Downloading BORME Files
bormeparser provides convenient functions to download BORME files directly from the official BOE (Boletín Oficial del Estado) website.
Quick Start
import bormeparser
import datetime
# Download a single PDF file
date = datetime.date(2015, 6, 1)
bormeparser.download_pdf(
date=date,
filename='BORME-A-2015-101-29.pdf',
seccion=bormeparser.SECCION.A,
provincia=bormeparser.PROVINCIA.MALAGA
)
Downloading a Single PDF
Use download_pdf() to download a single BORME PDF file for a specific date, section, and province:
Function Signature
download_pdf(date, filename, seccion, provincia, parse=False)
Parameters
date: datetime.date object or tuple (year, month, day)
filename: Path where the file will be saved
seccion: SECCION.A or SECCION.B
provincia: A PROVINCIA constant (e.g., PROVINCIA.MADRID)
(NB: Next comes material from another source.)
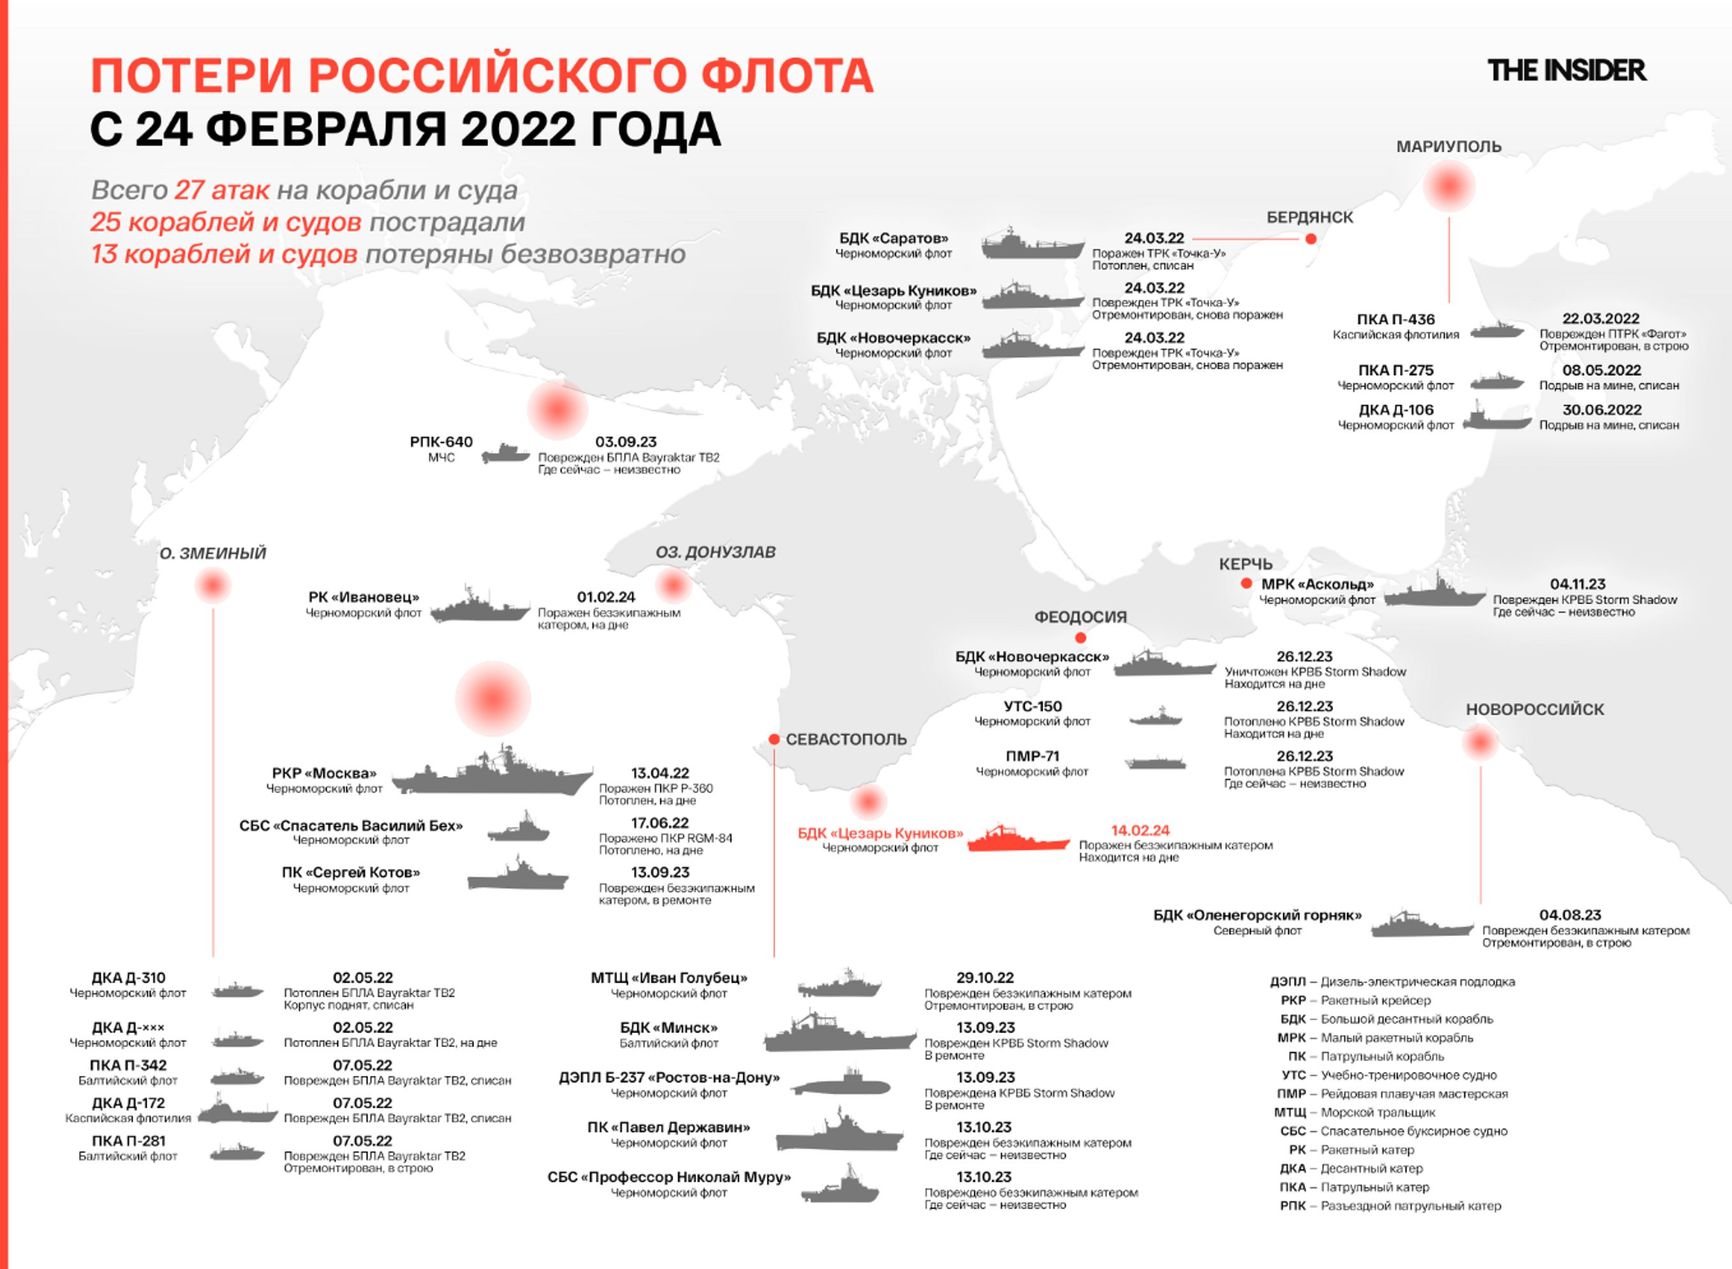 Losses of the Russian fleet since February 24, 2022

parse: If True, automatically parse the file after downloading (default: False)
Examples
Download with datetime.date
import bormeparser
import datetime
date = datetime.date(2015, 6, 1)
bormeparser.download_pdf(
date=date,
filename='downloads/BORME-A-2015-101-29.pdf',
seccion=bormeparser.SECCION.A,
provincia=bormeparser.PROVINCIA.MALAGA
)
Download with tuple date
import bormeparser
# Use tuple: (year, month, day)
bormeparser.download_pdf(
date=(2015, 6, 1),
filename='BORME-A-2015-101-28.pdf',
seccion='A',
provincia=bormeparser.PROVINCIA.MADRID
)
Download and parse automatically
import bormeparser
# Set parse=True to automatically parse after download
borme = bormeparser.download_pdf(
date=(2015, 6, 1),
filename='BORME-A-2015-101-29.pdf',
seccion=bormeparser.SECCION.A,
provincia=bormeparser.PROVINCIA.MALAGA,
parse=True # Returns Borme object instead of boolean
)
if borme:
print(f'Downloaded and parsed {len(borme.get_anuncios())} announcements')
Downloading Multiple PDFs
Use download_pdfs() to download multiple BORME files at once:
Function Signature
download_pdfs(date, path, provincia=None, seccion=None, secure=True)
Parameters
date: datetime.date object or tuple
path: Directory where files will be saved
provincia: Download files for a specific province (optional)
seccion: Download files for a specific section (optional)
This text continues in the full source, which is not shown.